Test alerts and real alerts are entirely different in every imaginable way:
one's normal procedure, the other is hopefully a rare event; one causes people
to scoff at their phones while the other creates urgency and concern. Playing
up the distinction on 'step 1' is good, but eliminating all visual indications
of the choice on further steps is bad in ways a confirmation screen can't
rectify.
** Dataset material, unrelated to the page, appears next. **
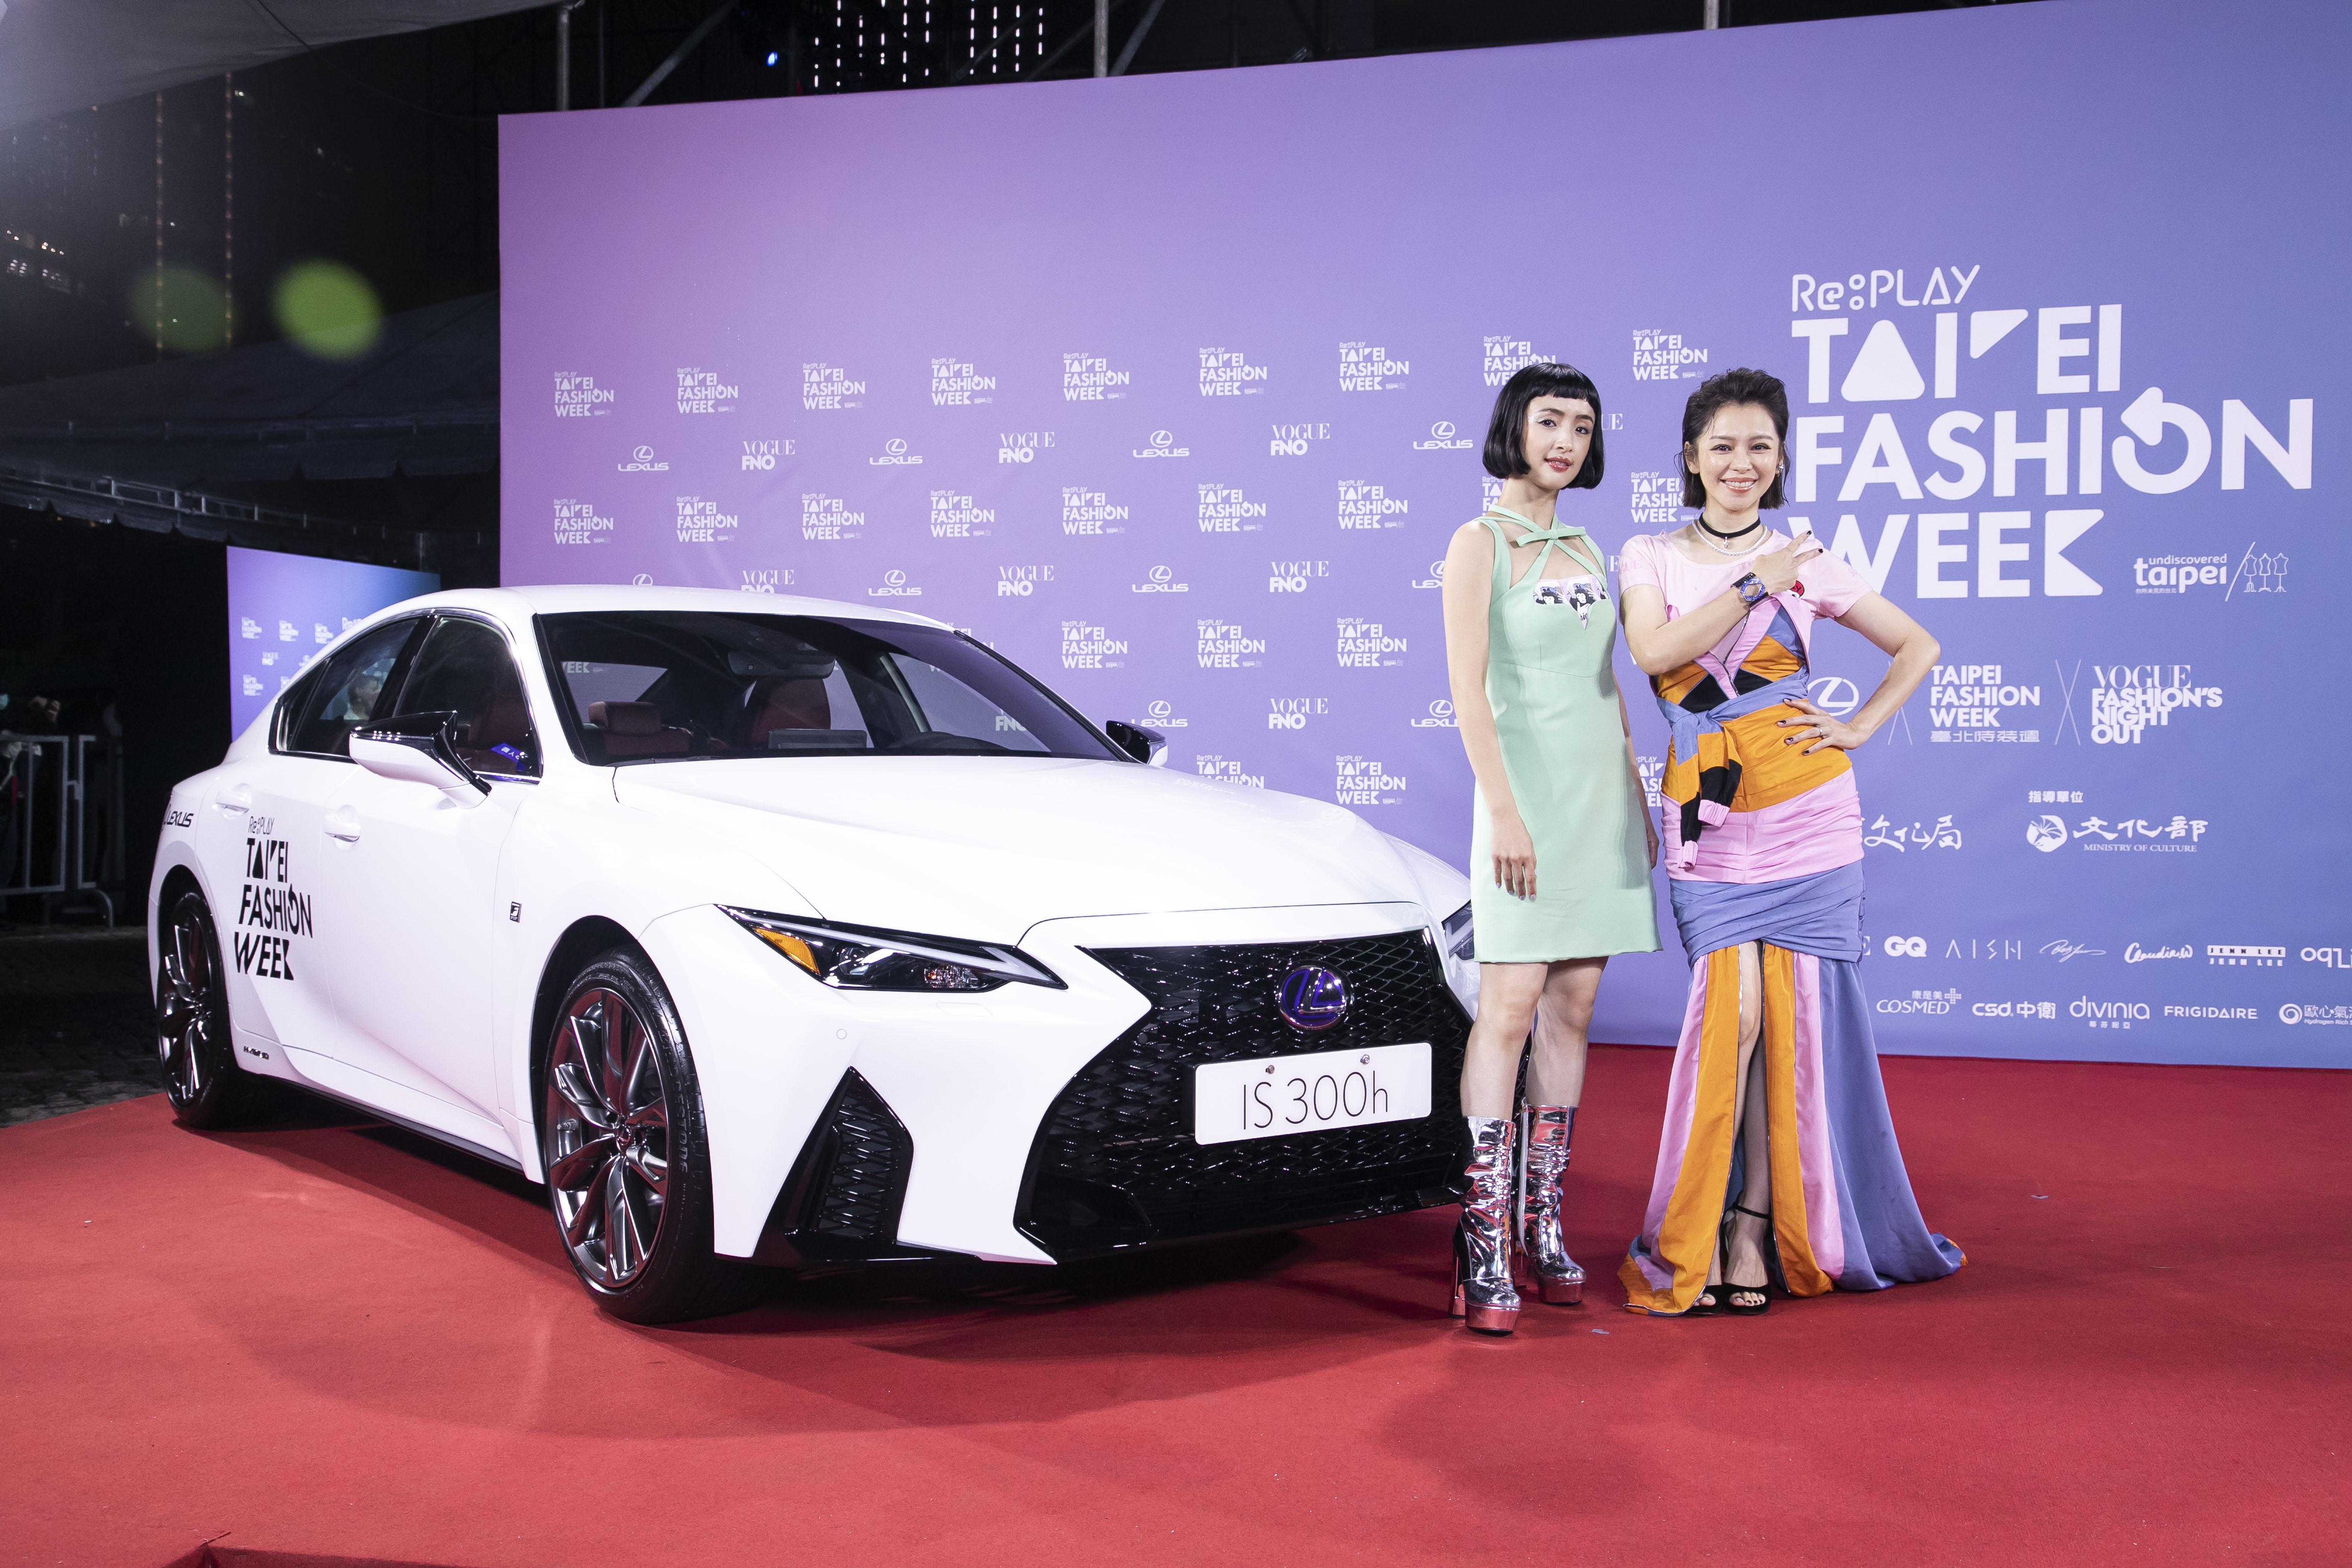 Lexus 2 - giles.heasman(何家樂) - Taiwan - Taipei Fashion Week x Vogue FNO - Sponsor 1

UI is only a portion of the UX and the overall operator process, but
there should be as few commonalities between the process (and UX) surrounding
test alerts and the process surrounding real alerts as the trained operators
of the system can bear. It's even odd to have them originate in the same entry
point, but as the author has done, I'll also keep my criticism focused on a UI
that can do both.

Concretely, I propose a simple way of rectifying the loss of context on 'step
2' is to get rid of the spurious 1-2-3 breadcrumb that doesn't communicate
anything that isn't abundantly clear otherwise, and use the space for several
conditional indicators that trigger in case a real alert was selected. Warning
icons, clear wording, exclamation marks, attention-pulling colors or patterns
should be used to distinguish the context of real alerts from text alerts in
so many visual ways that accidentally confusing them, even through a momentary
loss of situational awareness, is practically impossible.

------
eagleal
While we all love pretty and overdesigned UIs, for it to be more 2018 friendly
make sure to add 5MB of JavaScript and CSS dependencies and new features that
only works on Chrome!

As others have noted though step-based flow is not really recommended on a
mission-critical UI as you can't rely on user memory. Why not just show the
choices sequentially without hiding anything through various generic message
screens?

Alert type: [ test ] - live

Message: other1 - [ Kauai county only ] - other2

Confirm: Send test > Kauai county only?

------
CameronBanga
We're going to see a multitude of design hot takes here over the next 10 days,
but I think most of these designers are missing the problem. The interface
that caused this failure isn't because the system lacked designers. This
design was created by being handcuffed by bureaucracy, with no strong
leadership in place to solve the problems that were caused.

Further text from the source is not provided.